Obi-Wan dips his head at my apprentice, a faint light in his eyes that might be gratitude, or relief. _Fierfek._ This really was not the time, nor the place. _I'm sorry, Obi-Wan_… It is not MY place to say truth, although it may be my duty. But - another time, another place…

I _am_ sorry, Master.

"Yes, yes, that might be best. It was a – sobering trip." Obi-Wan closes his eyes and sighs; a hand rubs his chin. Yup, even now, his beard is neat and trim, his tunics brushed clean of the scars of battle.

No, if he bears scars at all, they are inside, hoarded and hidden.

"Anakin." He again rests a hand on my shoulder and peers up into my eyes. I am forgiven, for as large as that hidden hoard of guilt and self-recrimination, his heart is far larger, his compassion boundless and his capacity to forgive far greater than my own. It is humbling. "For what it's worth – I do understand."

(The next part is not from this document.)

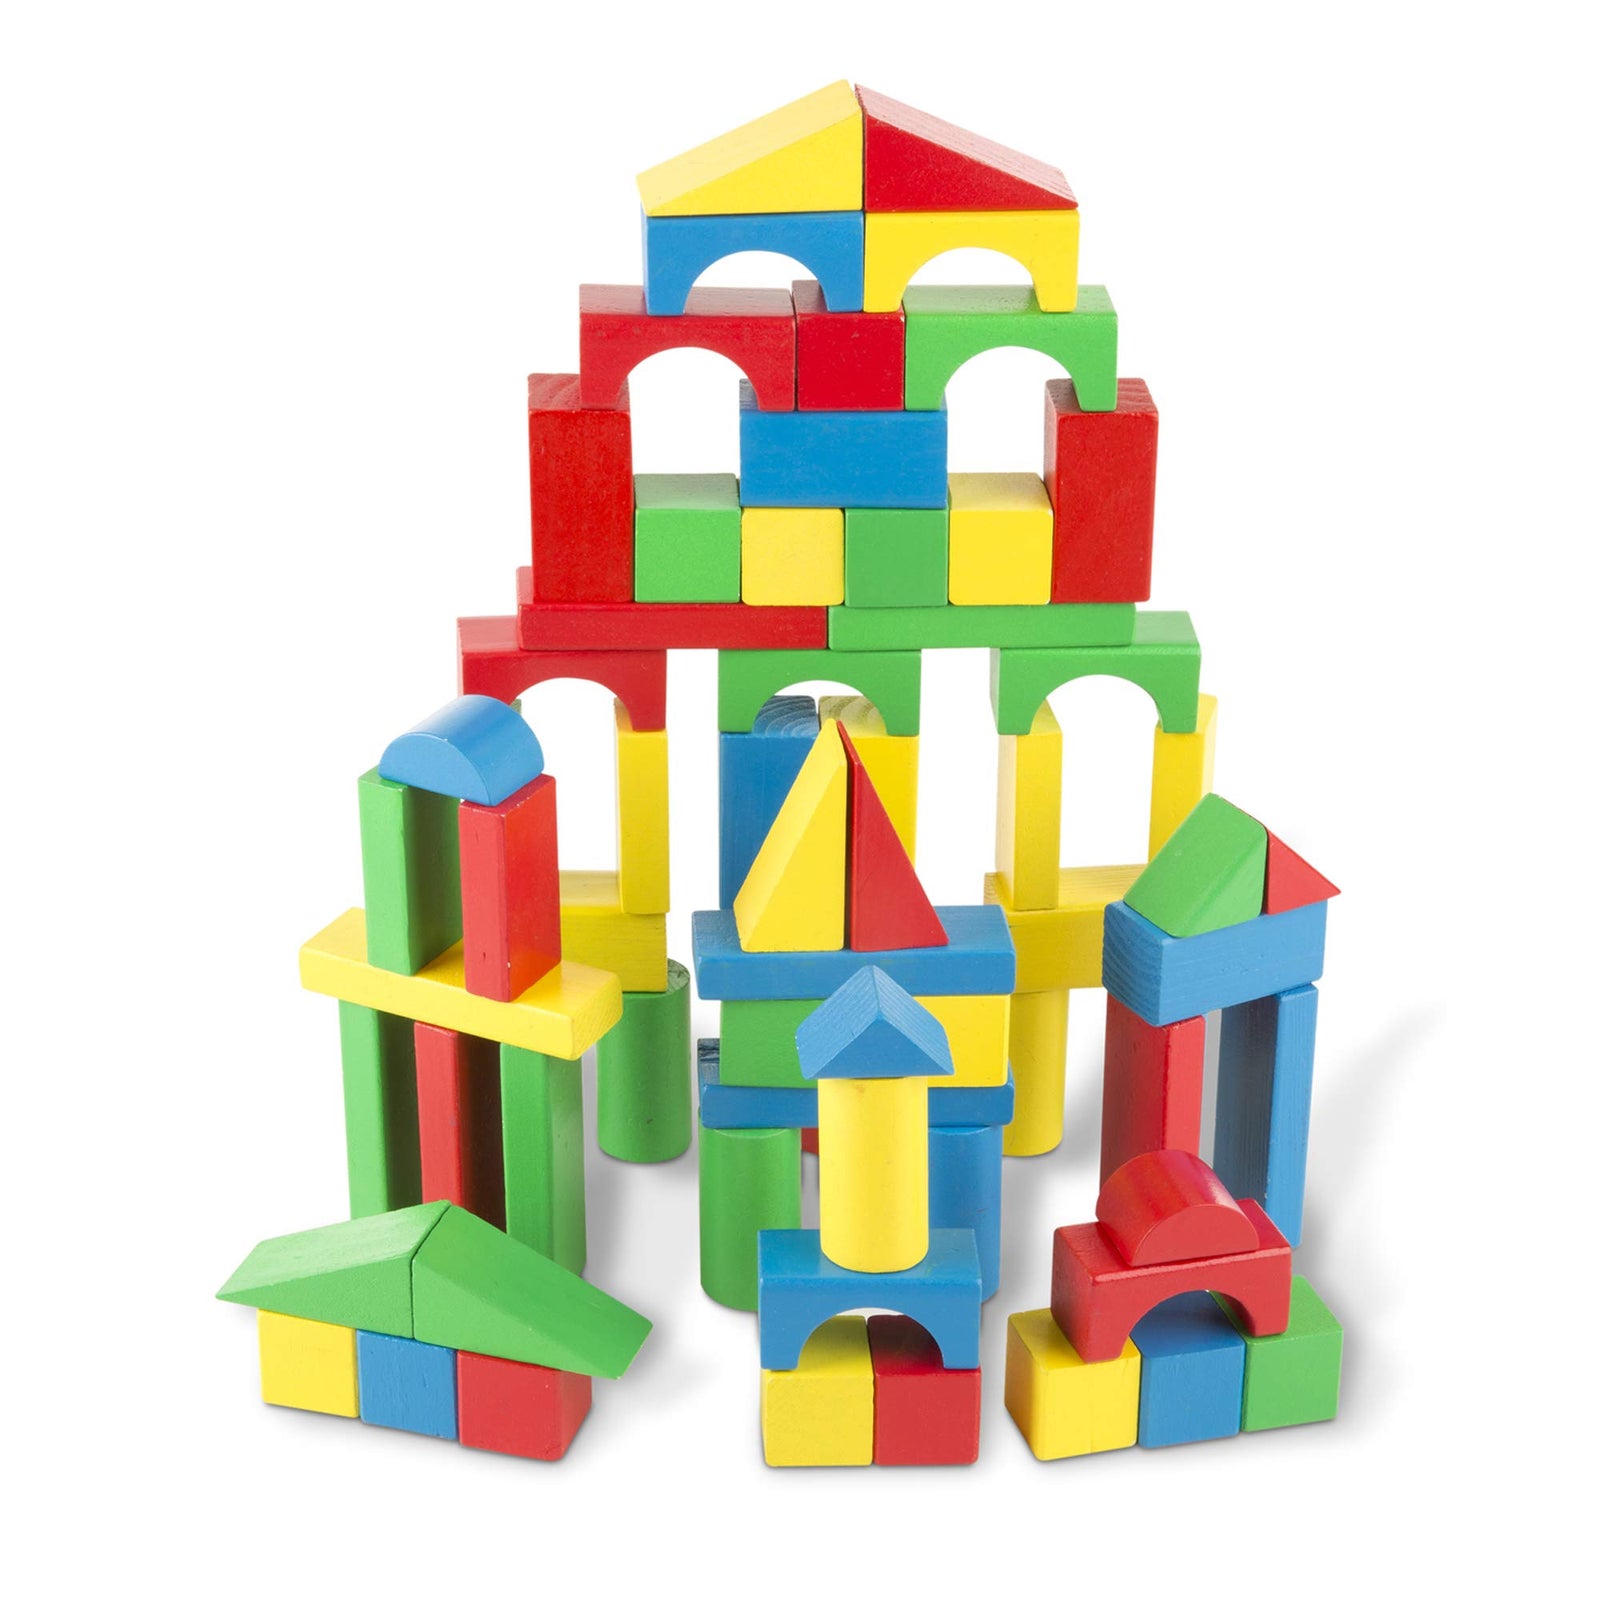 Melissa & Doug Wooden Building Blocks Set - 100 Blocks in 4 Colors and 9 Shapes

Force forgive me, for when he trudges off, the wound of "insufficiency" hurtled at him sinking deep into spirit, bowing his shoulders, I do not move to join him. I cannot.

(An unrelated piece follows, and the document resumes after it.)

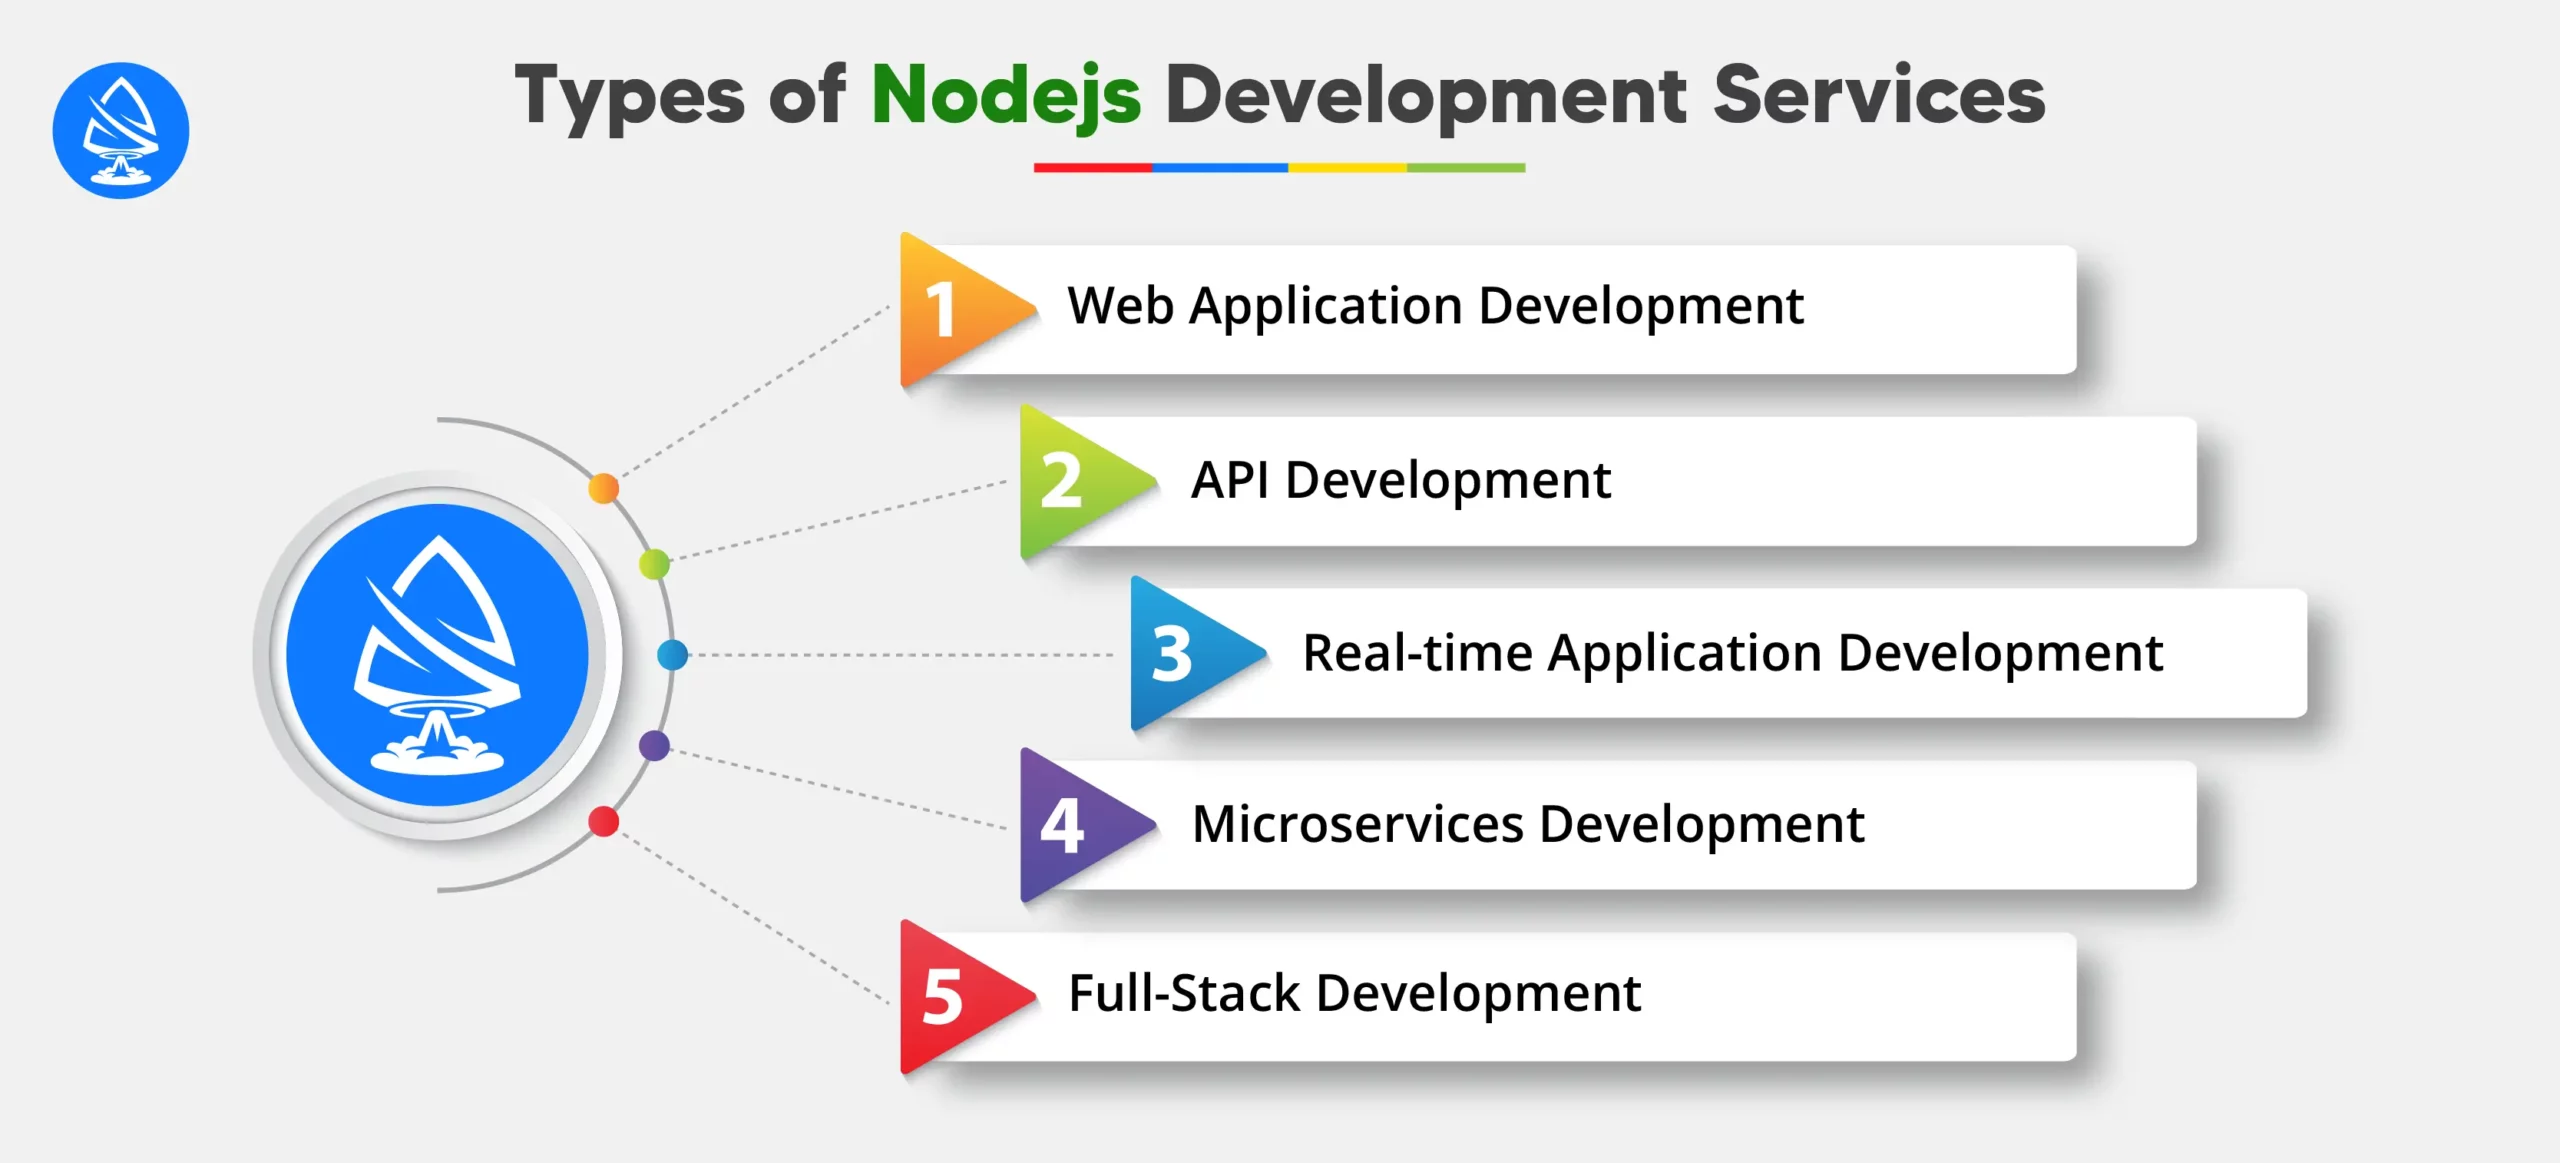 Types of Nodejs Development Services

Sometimes, sometimes one sees too much. Beware what one wants, because it may not be what one needs. That glimpse inside has _unsettled_ me. _He_ is unsettled and that cannot be. He is my rock, my anchor. I need him to be strong, to be stoic, to be calm – to be all that I am not, so that in tandem we are a restrained storm of the Force. He is my center, the eye of the storm, the master of Soresu, one and indivisible, whilst I am the battering winds howling in righteous fury shrieking fury and defiance, a tamed threat that yearns for and yet fears to be unleashed.

And it is Obi-Wan, not the Force, that leashes the boiling potential and the wrath of the righteous, the fury that could easily sweep aside all those in its path, innocent and guilty alike. He cannot weaken; he cannot break; he cannot bend because he is both chain and life line, resented and appreciated, for if he does – what then shall become of me?

And so this day we now walk separate paths now where once we walked side by side.

I might weep, but I cannot. I will not. Not even for all the silences that separate us, for all the words not spoken that might have closed the distance. For what could be and will not be.

For the "Hero Without Fear" is a fraud at heart: I fear that our bond is not strong enough to sustain us. I fear that hidden deeds will flare to life and sever fondness by the sharp blade of duty should we seek and find mutual understanding. I will not stand for judgment by any man; not even him.

Especially him.

"I could have saved her," I murmur, my voice unheard and unheeded, meant only for the Force.

"I know, Master, I know."

It is cool comfort to know the solace an apprentice offers is mine to receive, a gift made with no strings attached. There are too many tugs on the string between Obi-Wan and I now for such gifts.

"Will Master Kenobi be all right?"

I stare after his disappearing form. I hope so. I hope _we_ will be, in time.

I square my shoulders and face away, face my apprentice instead.

"Master Kenobi is always all right."

And for a moment I believe it. I will believe it. I do believe it. Because, for Master Kenobi, the Force's comfort is always there, not just near at hand, a wish away, or in an apprentice's presence but there, wrapping him within its embrace.

Someday, perhaps, it will do the same for me.


	3. Chapter 3

~~Mace Windu:

I stand where I cannot be seen, my presence veiled in the Force. Adi will be memorialized soon enough; my concern at the moment is for the living. I observe, without judgment I hope. All is not well between Kenobi and his tempestuous now-knighted padawan. It is not the tension between a too-gifted apprentice and his mentor, a mentor I might add that is almost as gifted and far wiser, dare I say, a better Jedi as well.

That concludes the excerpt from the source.